## DATA RECORDS
************

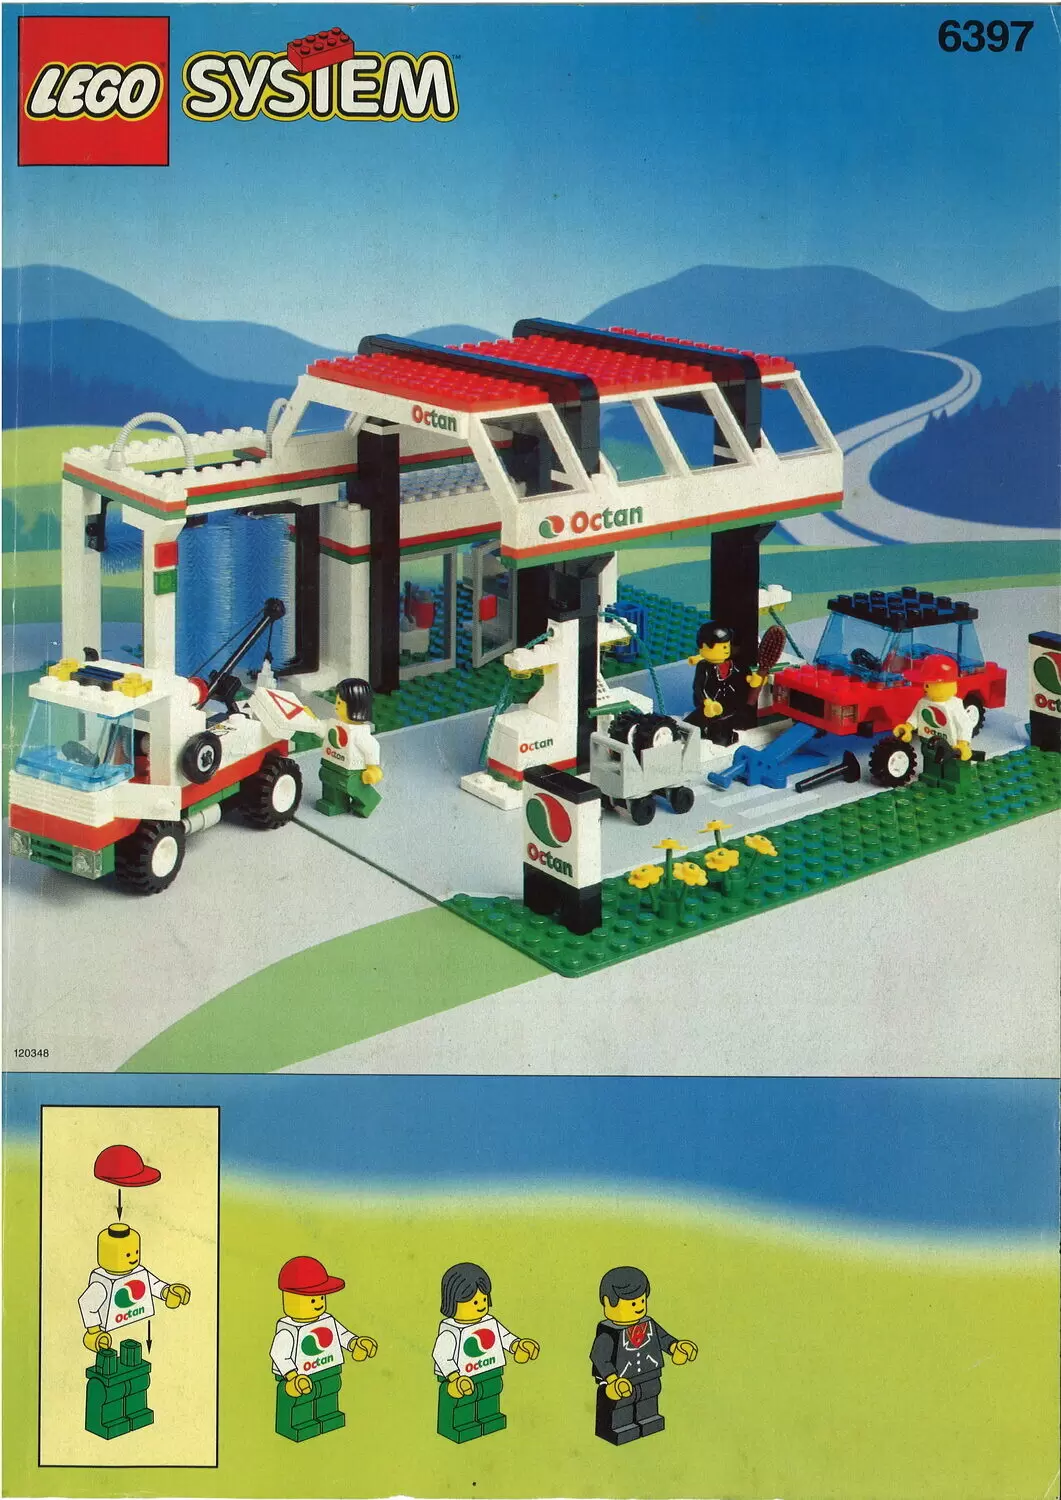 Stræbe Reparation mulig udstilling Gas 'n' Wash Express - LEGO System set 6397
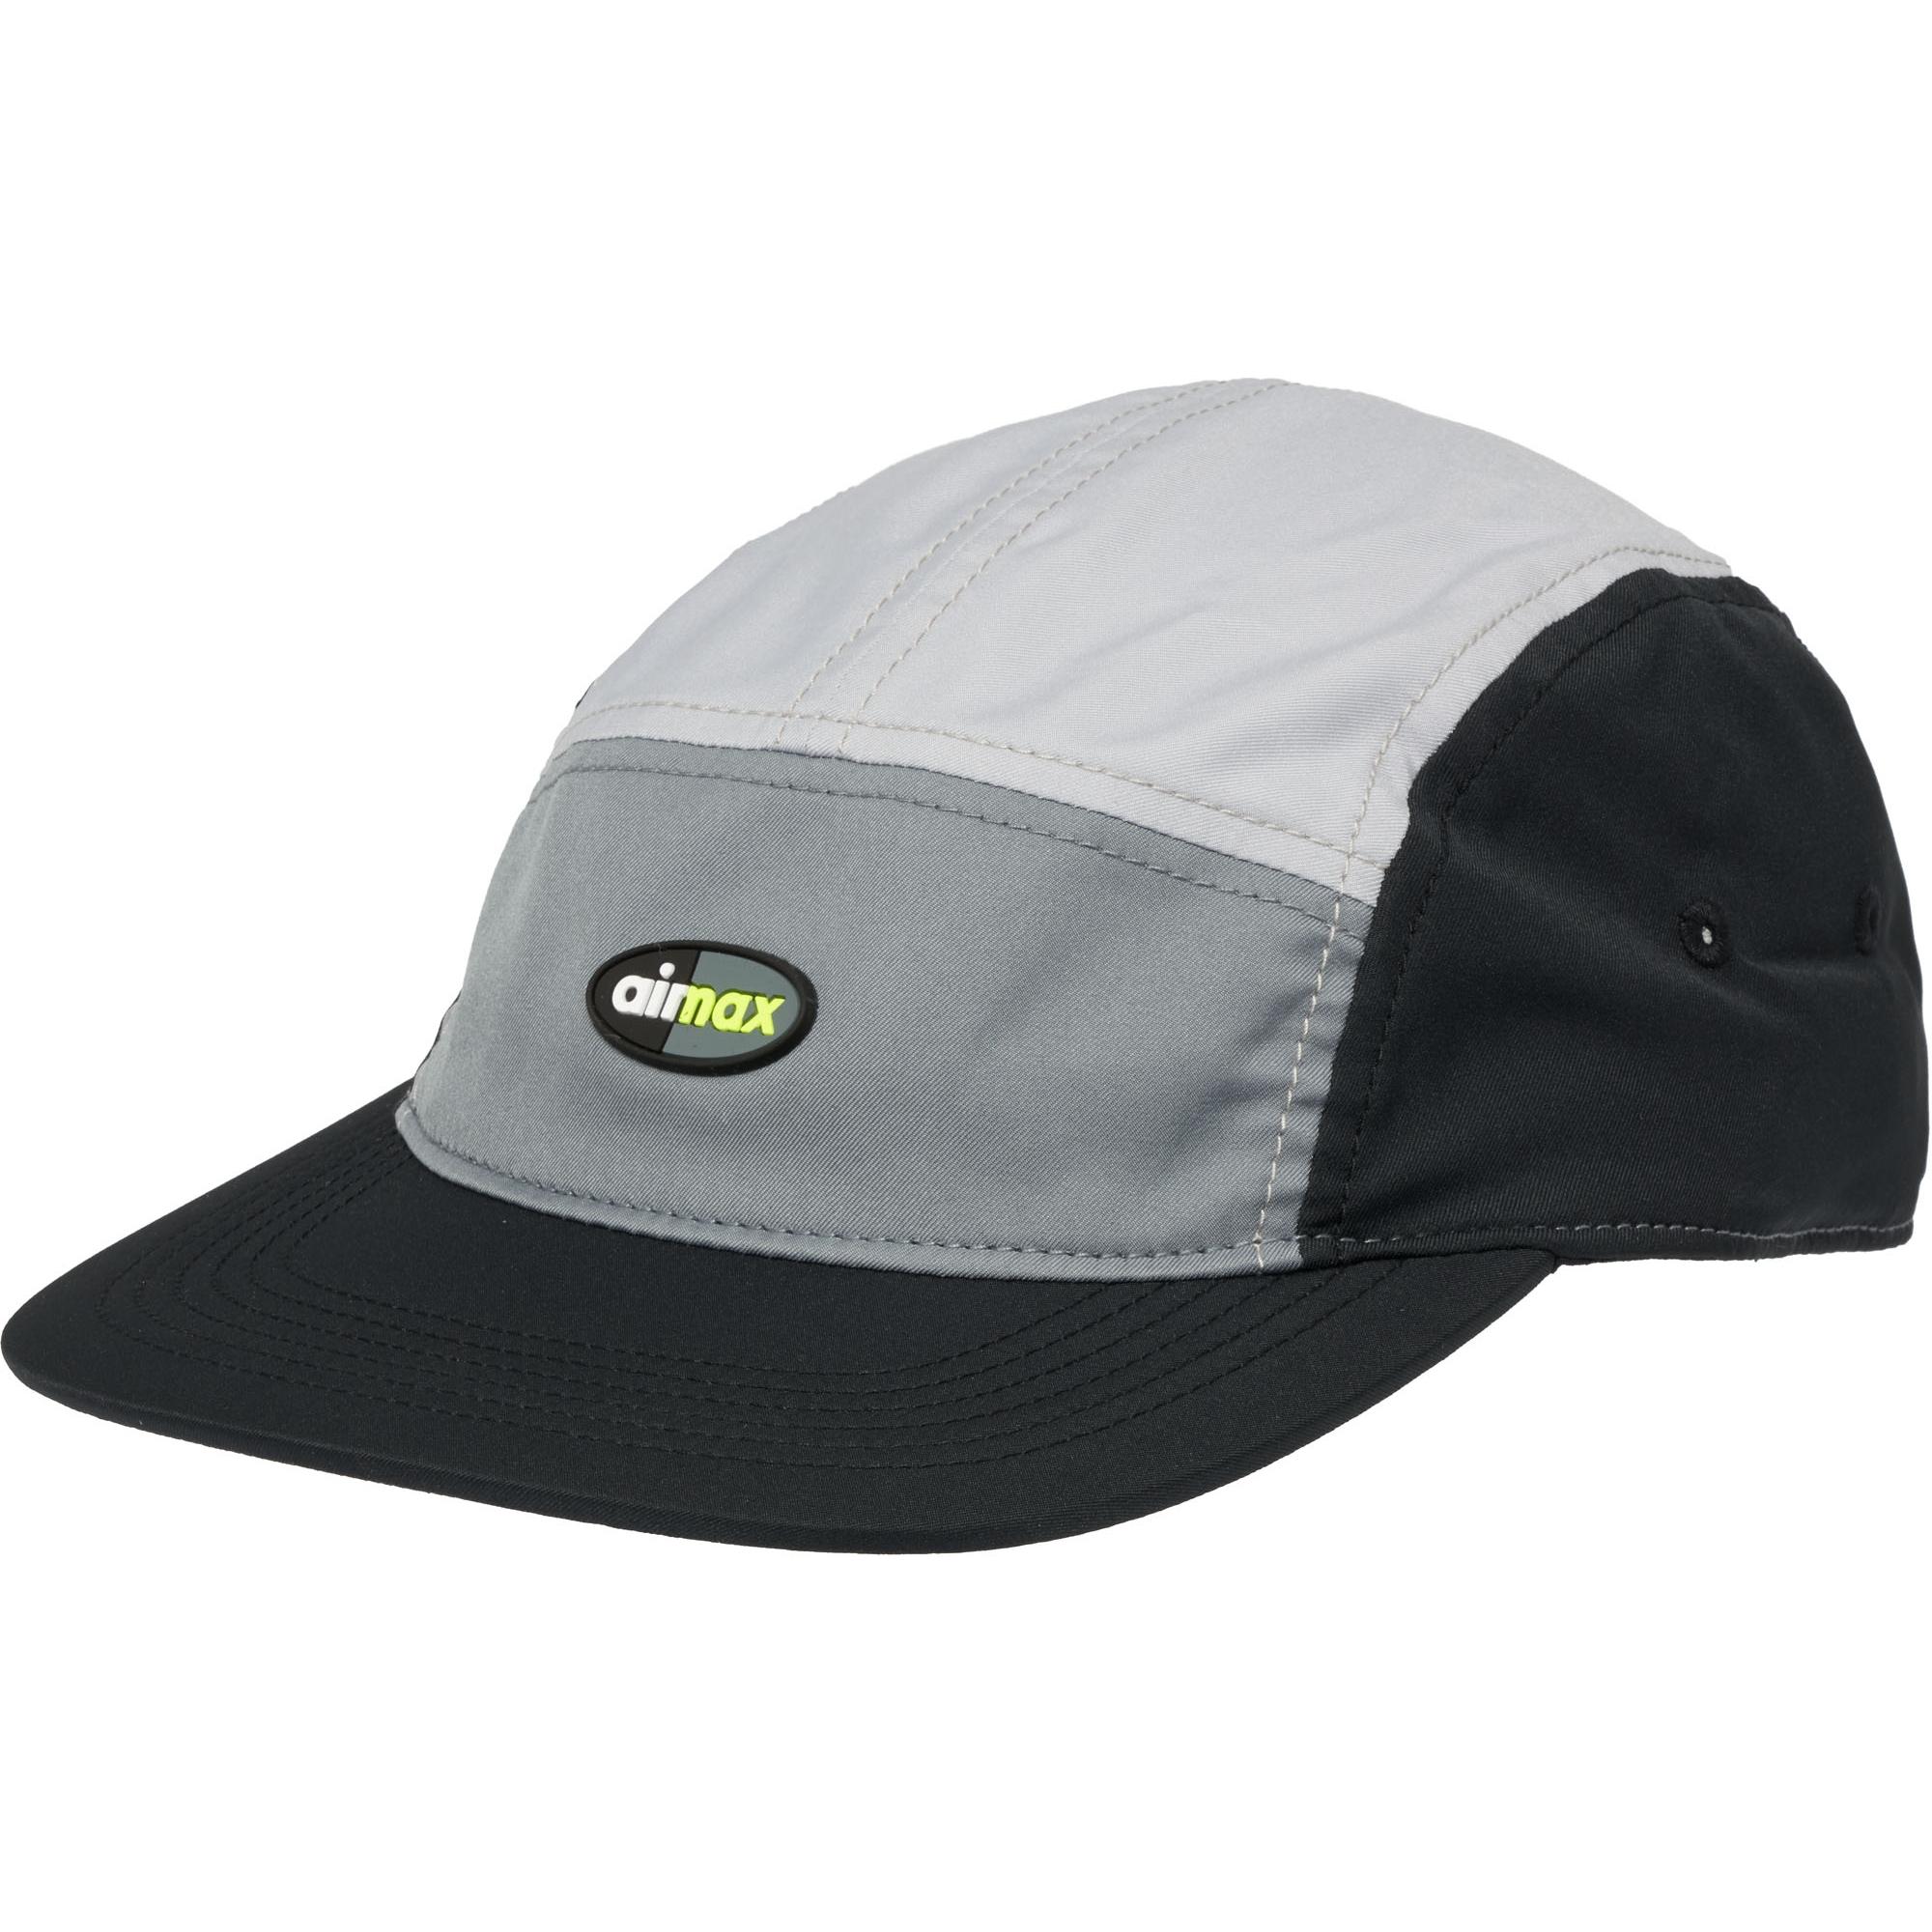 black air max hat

************

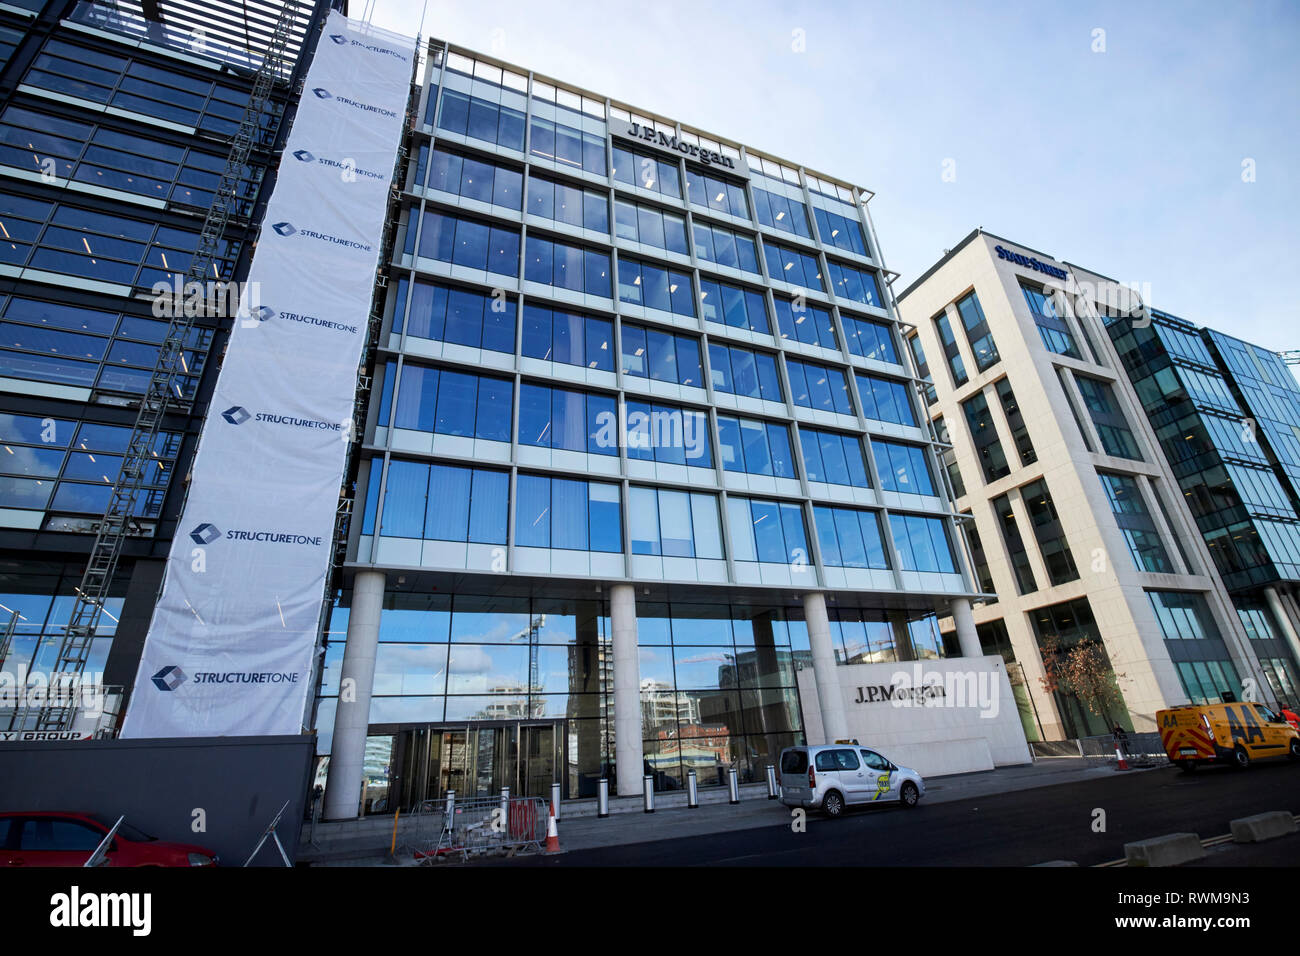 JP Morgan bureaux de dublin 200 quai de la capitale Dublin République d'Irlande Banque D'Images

************

## THE TASK
Starting from the line with "Stræbe Reparation mulig" in the records above, repeat each line exactly until you have written the line with "black air max hat", then stop; drop the pictures.

## WRITTEN REPLY
 Stræbe Reparation mulig udstilling Gas 'n' Wash Express - LEGO System set 6397
 black air max hat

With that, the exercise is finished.